[Record extracts — start]

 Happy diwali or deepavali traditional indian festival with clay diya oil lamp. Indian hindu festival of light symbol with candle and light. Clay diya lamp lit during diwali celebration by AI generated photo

[Record extracts — finish]
[Record extracts — start]

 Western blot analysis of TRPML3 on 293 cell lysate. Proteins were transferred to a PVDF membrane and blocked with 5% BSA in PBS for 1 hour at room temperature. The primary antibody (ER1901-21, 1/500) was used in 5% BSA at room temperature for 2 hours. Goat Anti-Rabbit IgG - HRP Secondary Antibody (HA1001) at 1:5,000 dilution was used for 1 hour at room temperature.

[Record extracts — finish]
[Record extracts — start]

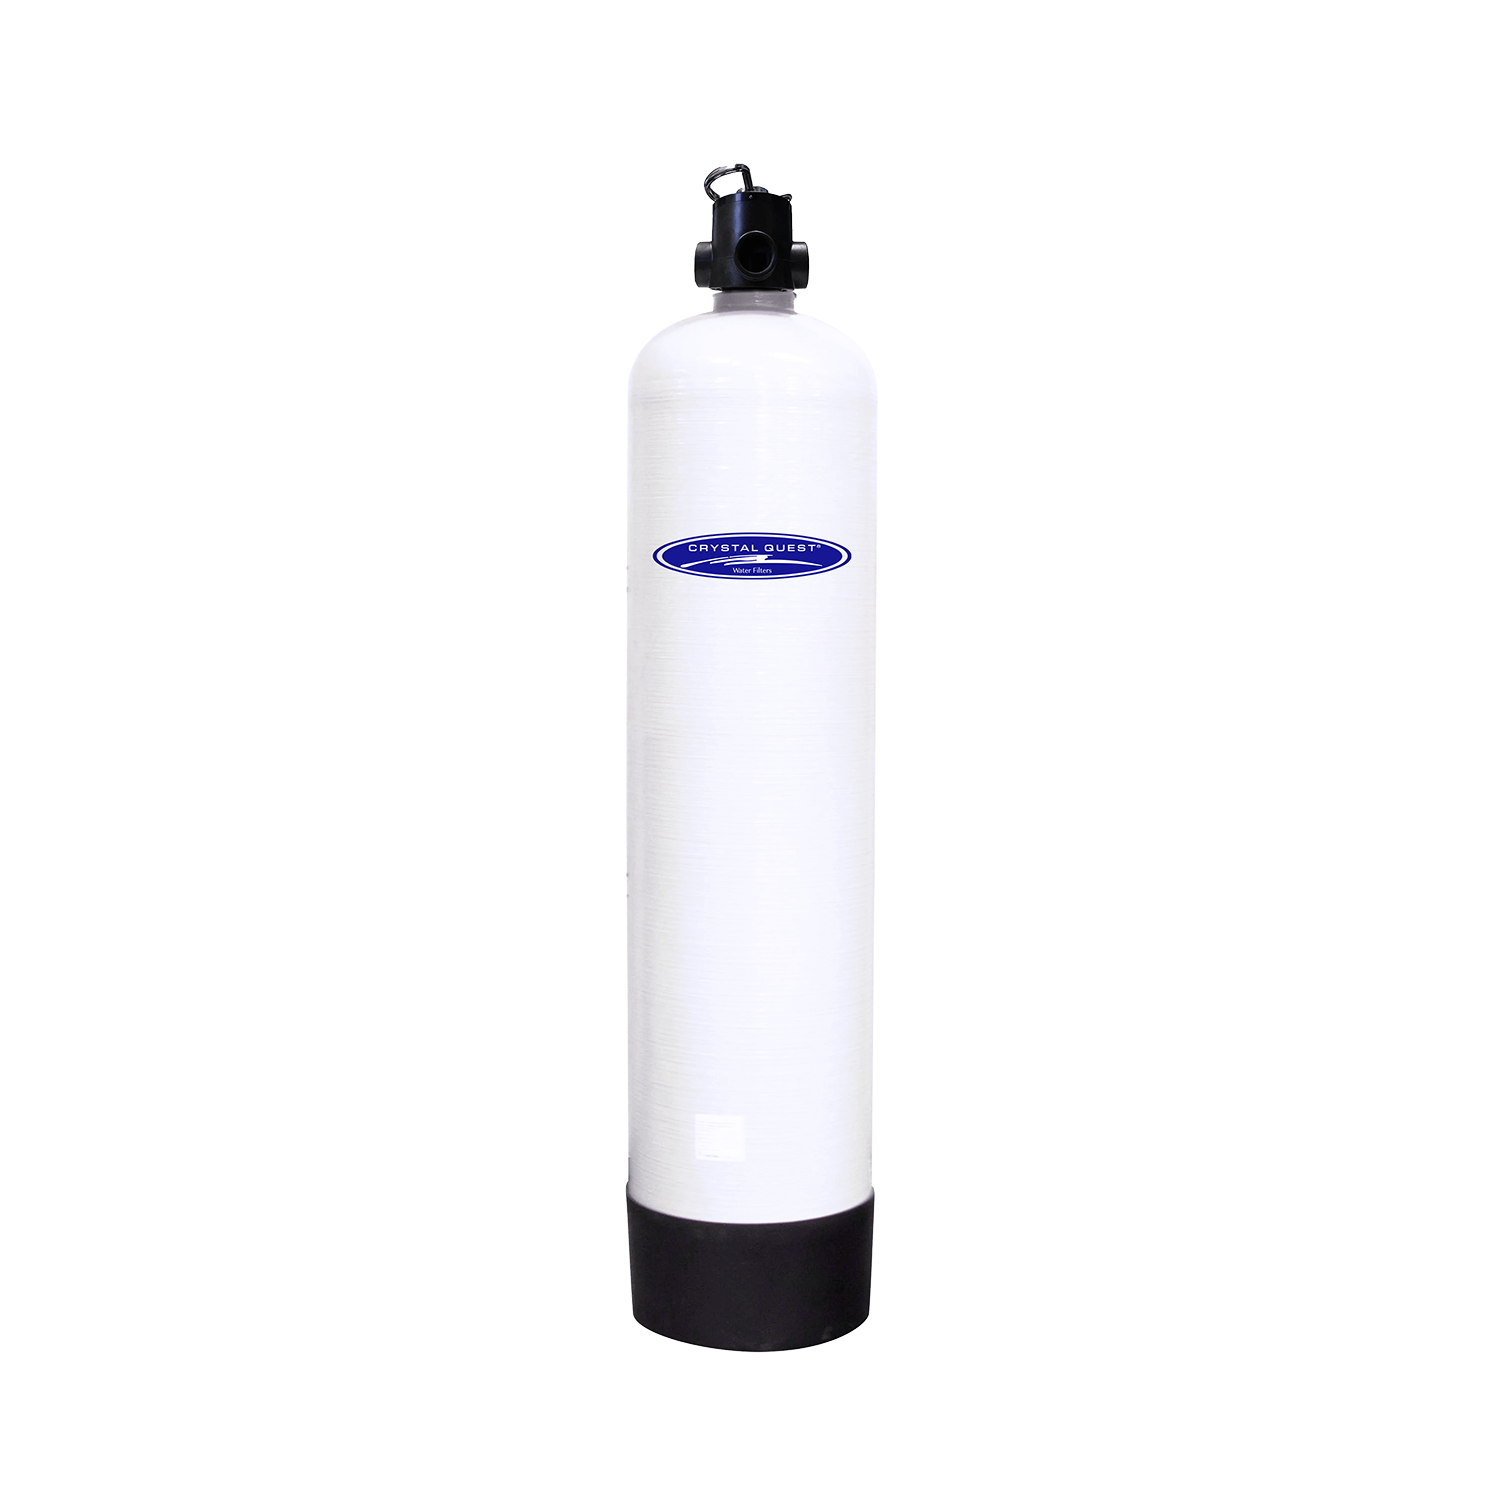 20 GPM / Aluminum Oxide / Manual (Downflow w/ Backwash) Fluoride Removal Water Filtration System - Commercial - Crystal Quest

[Record extracts — finish]

* What you are asked to do: Check each line of the entries above for the string "with", and return those that contain it.

* Solution below:
 Happy diwali or deepavali traditional indian festival with clay diya oil lamp. Indian hindu festival of light symbol with candle and light. Clay diya lamp lit during diwali celebration by AI generated photo
 Western blot analysis of TRPML3 on 293 cell lysate. Proteins were transferred to a PVDF membrane and blocked with 5% BSA in PBS for 1 hour at room temperature. The primary antibody (ER1901-21, 1/500) was used in 5% BSA at room temperature for 2 hours. Goat Anti-Rabbit IgG - HRP Secondary Antibody (HA1001) at 1:5,000 dilution was used for 1 hour at room temperature.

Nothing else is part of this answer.